A Life Of Fiction LXIII

For those of you new to this WordPress site, this site is about me and my writing – and a little about my role-playing, as well. It gives readers a chance to sample my work before purchasing it on the Kindle store; and gives me the chance to say a little about the genesis of each novel, or about the process of writing in general.


Writing styles: By this I mean the way that you string words together, rather than handwriting. My handwriting is so bad that if I put a sample of it on here then you would have a great difficulty in reading it. I was told, at school, that my handwriting was so bad that I would fail English (I got an A, by the way).

It may be thought that each writer only has one writing style. But that is not necessarily the case. I find that I use slightly different styles depending on the sort of book which I am creating. I have, in the past, attempted to deliberately alter my style of writing to suit the subject matter.

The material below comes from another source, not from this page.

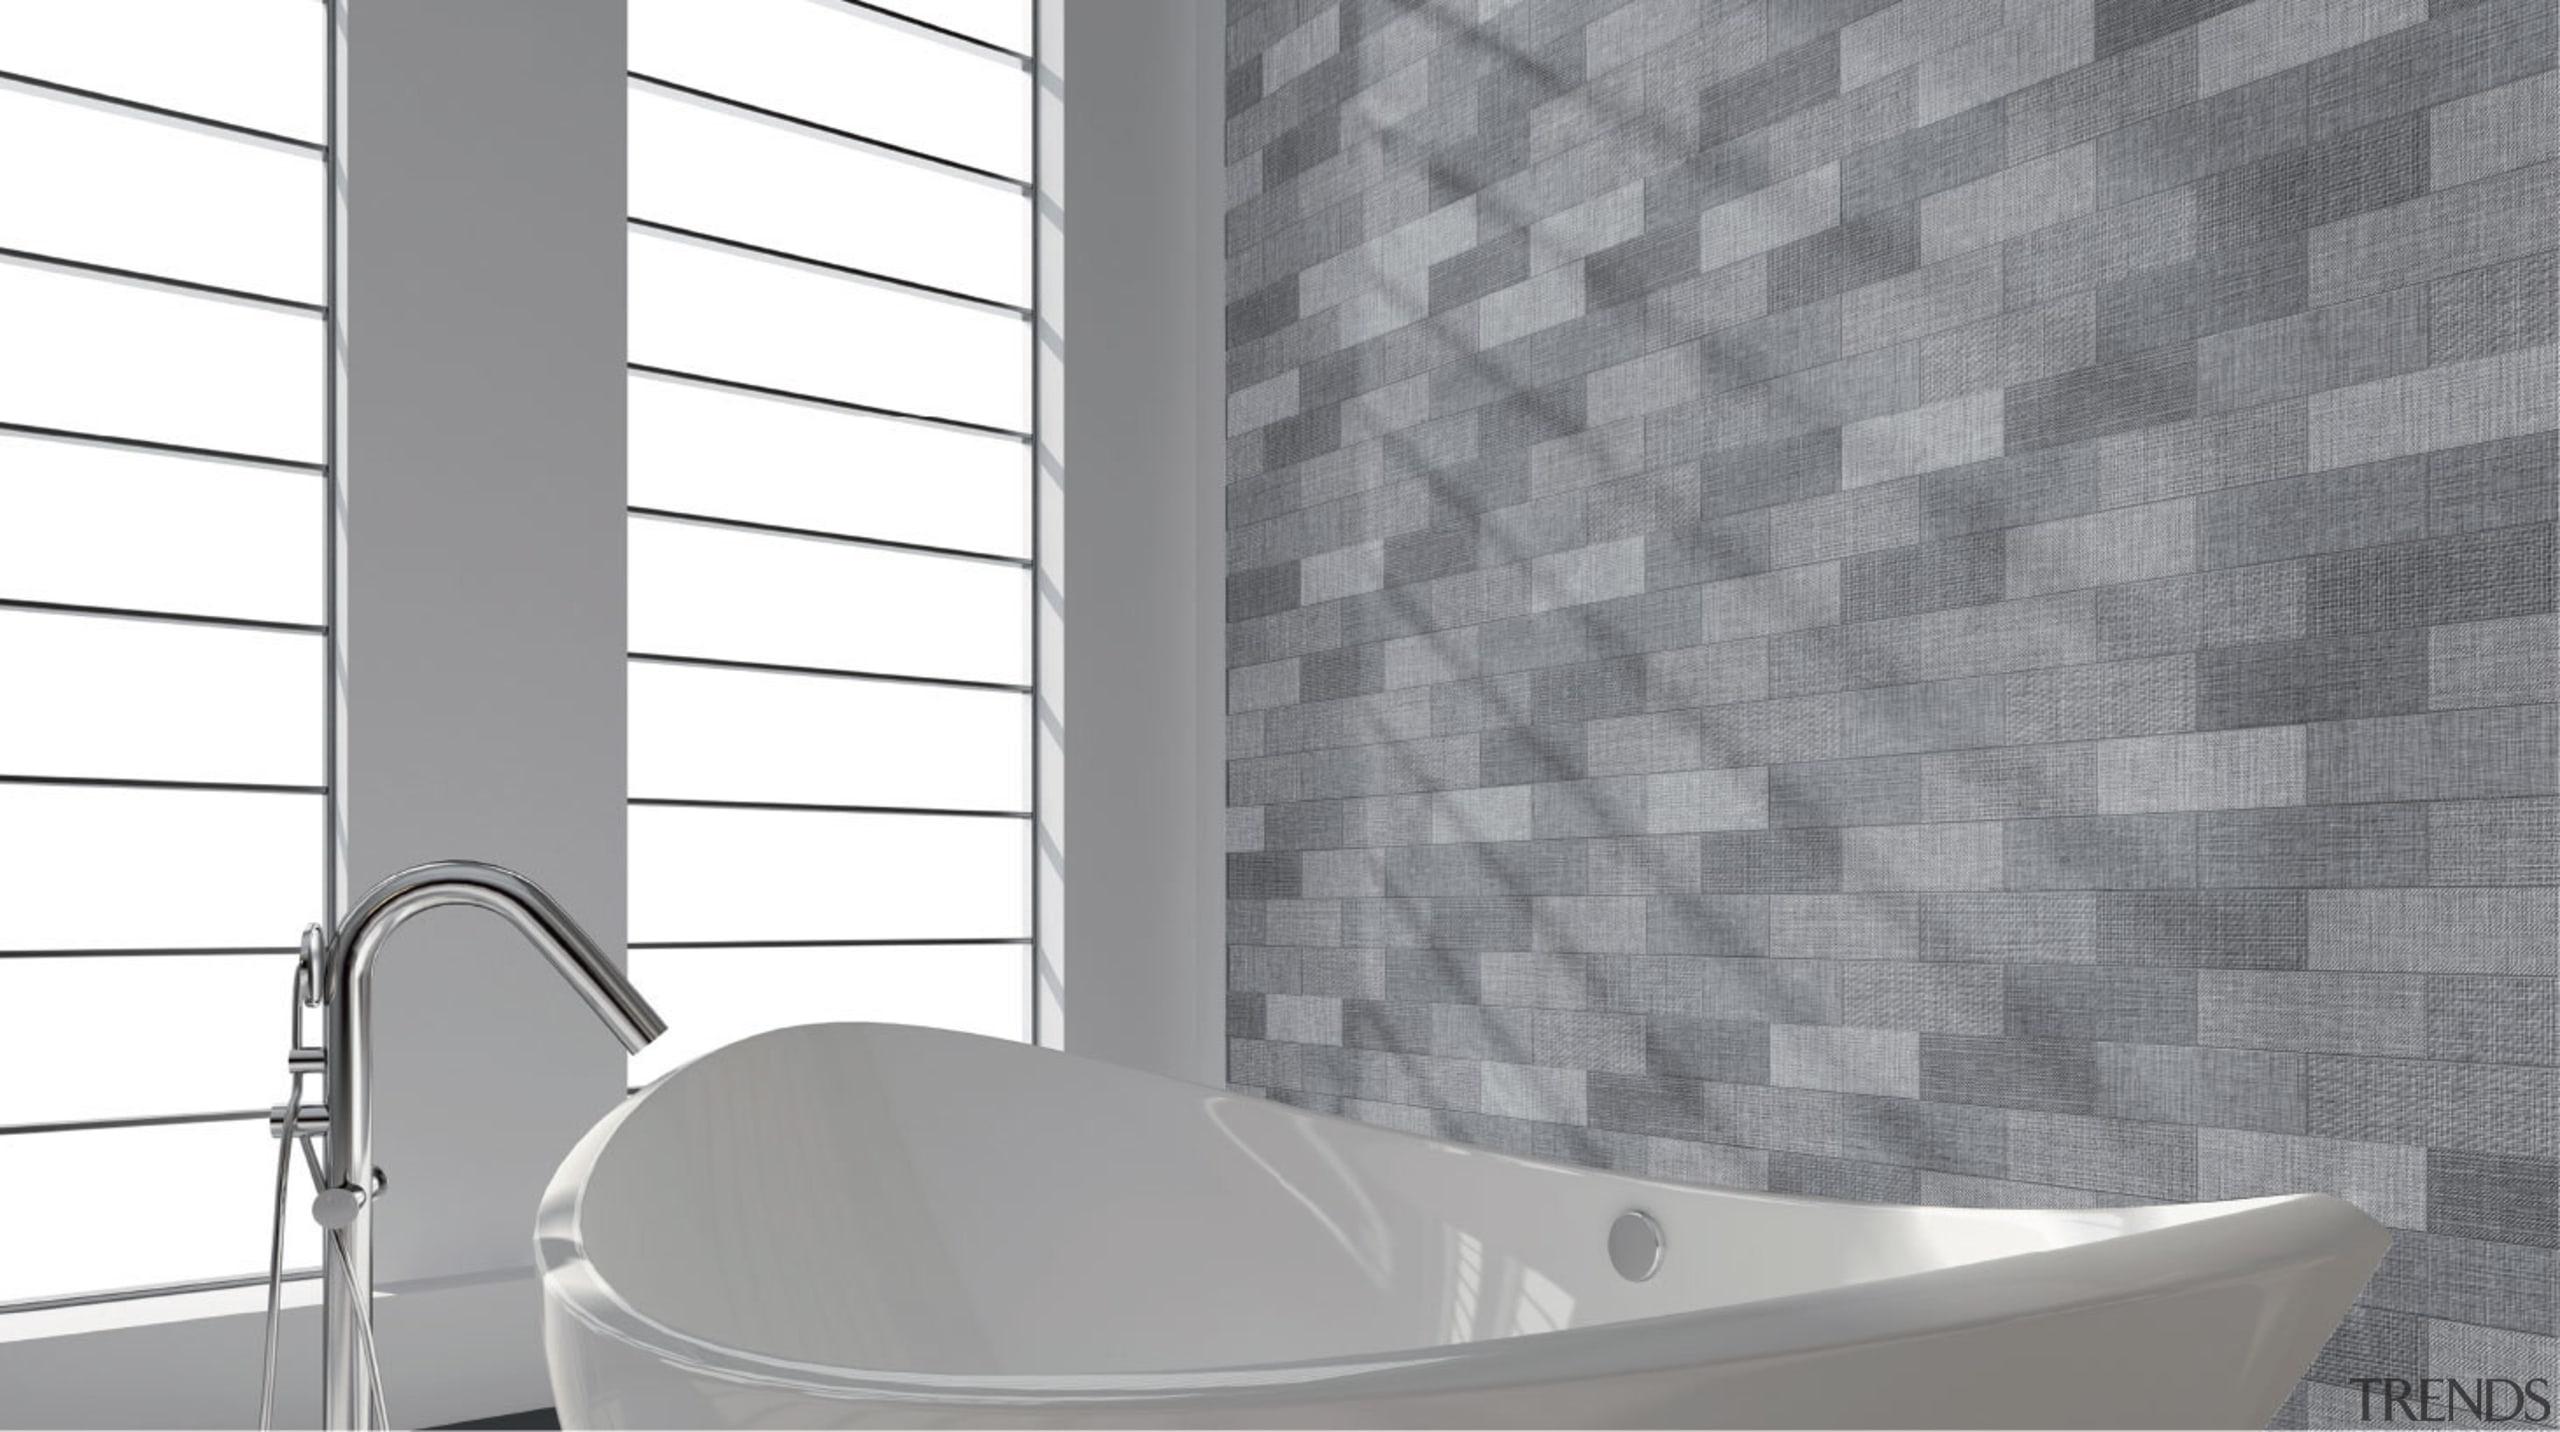 Brick Text Grey 90x300 - Brick Text Grey angle, bathroom, black and white, ceramic, daylighting, floor, flooring, interior design, product, tap, tile, wall, window, gray

I also find that the way in which I write alters slightly, whether I am writing in the first person or in the third person. In the first person I tend to feature the thoughts and doubts of the protagonist. Whereas, with the third person, you are outside the mind of the main protagonist. Both equally valid, as far as I am concerned.

There are other tricks, ways in which you can differentiate your style from one piece of writing to the next.

Sometimes I have deliberately gone for what I consider to be an ornate style, with the most purple of purple prose. At other times I prefer my words to be prosaic. It all depends on what sort of effect I’m trying to achieve. One style is not necessarily superior to the other. If you are writing a novel about working class people in the north of Britain – something which I have never done – you will probably not want it to read like it was written by John Keats at his most romantic.

Consider these two different pieces of prose. The first is from an unfinished murder mystery novel, called The Dig At Norbert Farm. The second is from another unfinished work, called Insanity.


It all started one dreary, rainy April morning in Kent, dreary like so many April mornings before. A light drizzle permeated the air, and the clothes of any one foolish enough to be outside. Too light to be considered rain, it made people just as wet.

   George Parker was driving his clapped out Morris Minor up a potholed farm track, on his way to Norbert Farm. He swerved from side to side to avoid the potholes. They had filled up with brown water, and he could not tell how deep they were. And the last thing that he wanted to do on this specific morning was to get stuck in a particularly deep one.




Run around the mulberry bush chasing your tail, chasing your bush, this fox no longer has any hounds.

   Woke up one morning after the end of the world. It was the day after the disease had finished its course, some mental disease that went from brain to brain to brain, filling their minds with all sort of fun. La di da, la di da.

   Woke up one morning, wished I was dead. But at least I have no madness running through my head. No, sirree, I am A OK, all clear. The doctor would have given me a clean bill of mental health, if he could.

   It happened so quickly, just a few weeks to get the whole world. Everybody gone gaga. Everybody painting like Dada. I wonder if the disease has extended to those in Antarctic research stations yet, all of those sitting in the cold and the white, wondering why no relief ships will ever come for them. They are all alone in the whiteout. But there’s nothing that I can do about that. They will have to be frosty. It’s better than going bonkers.


The first piece is intended to be normal, shall we say? There are no obscure words in it. It tends to follow what are generally thought of as the rules of grammar. These words are at that start of a mystery novel, and should not detract from the story which you are trying to tell.

The second piece is about a person waking up into an apocalyptic world, one in which everything is descending into chaos. People have literally gone mad all over the world. And the prose was designed to try to reflect the outer craziness with some deliberately odd sentences.


I could give more examples of different writing styles. But those two should be enough to indicate that one writer does not have to have all of his oeuvre sounding the same.

Develop an inner voice. Initially that should be for you as an author, so that it is you speaking, and you are not simply mechanically plonking words down on the page. But once you hear such a voice then listen for other voices – those of your protagonists. If you are writing from a first person perspective you should be able to internalise the thoughts and passions of your main character. If you are in touch then his voice should not be yours, and that should be reflected in the end product.